Please return the listing below word for word, minus its pictures.

### Information provided
━━━━

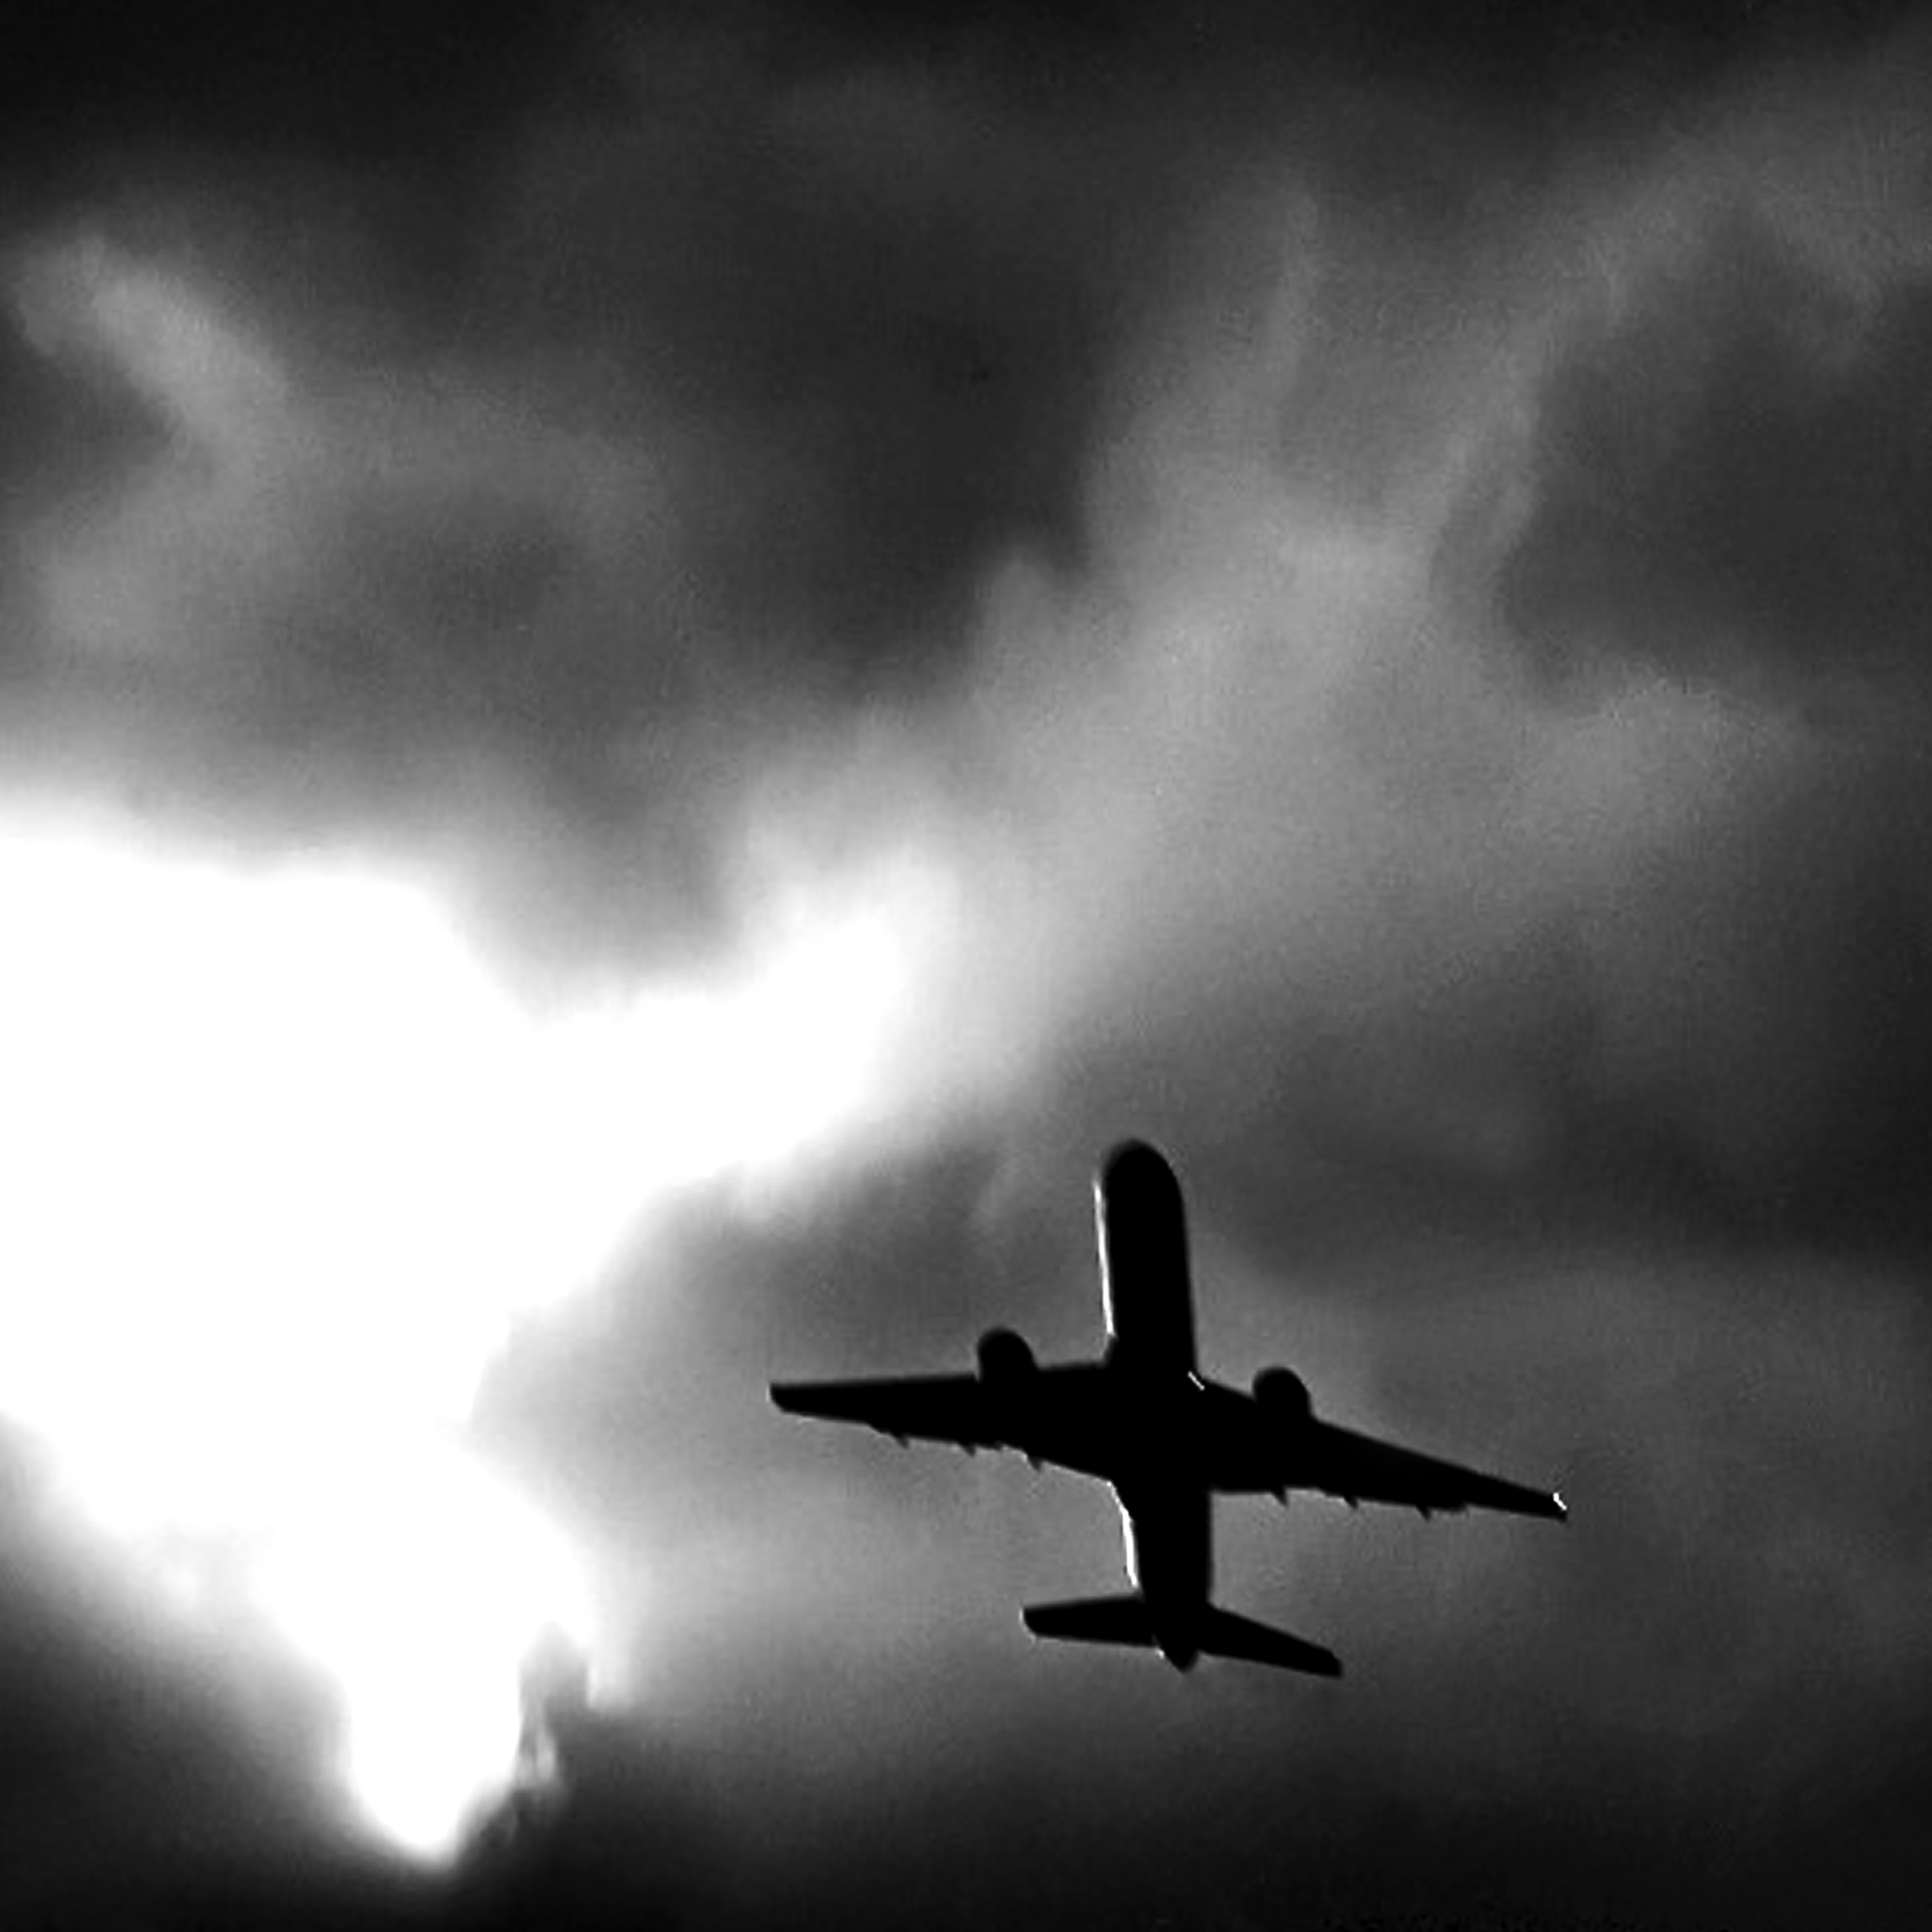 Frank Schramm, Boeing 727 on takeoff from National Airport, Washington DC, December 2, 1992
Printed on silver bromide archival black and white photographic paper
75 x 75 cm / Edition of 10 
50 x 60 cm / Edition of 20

━━━━

### Completed task
 Frank Schramm, Boeing 727 on takeoff from National Airport, Washington DC, December 2, 1992
Printed on silver bromide archival black and white photographic paper
75 x 75 cm / Edition of 10 
50 x 60 cm / Edition of 20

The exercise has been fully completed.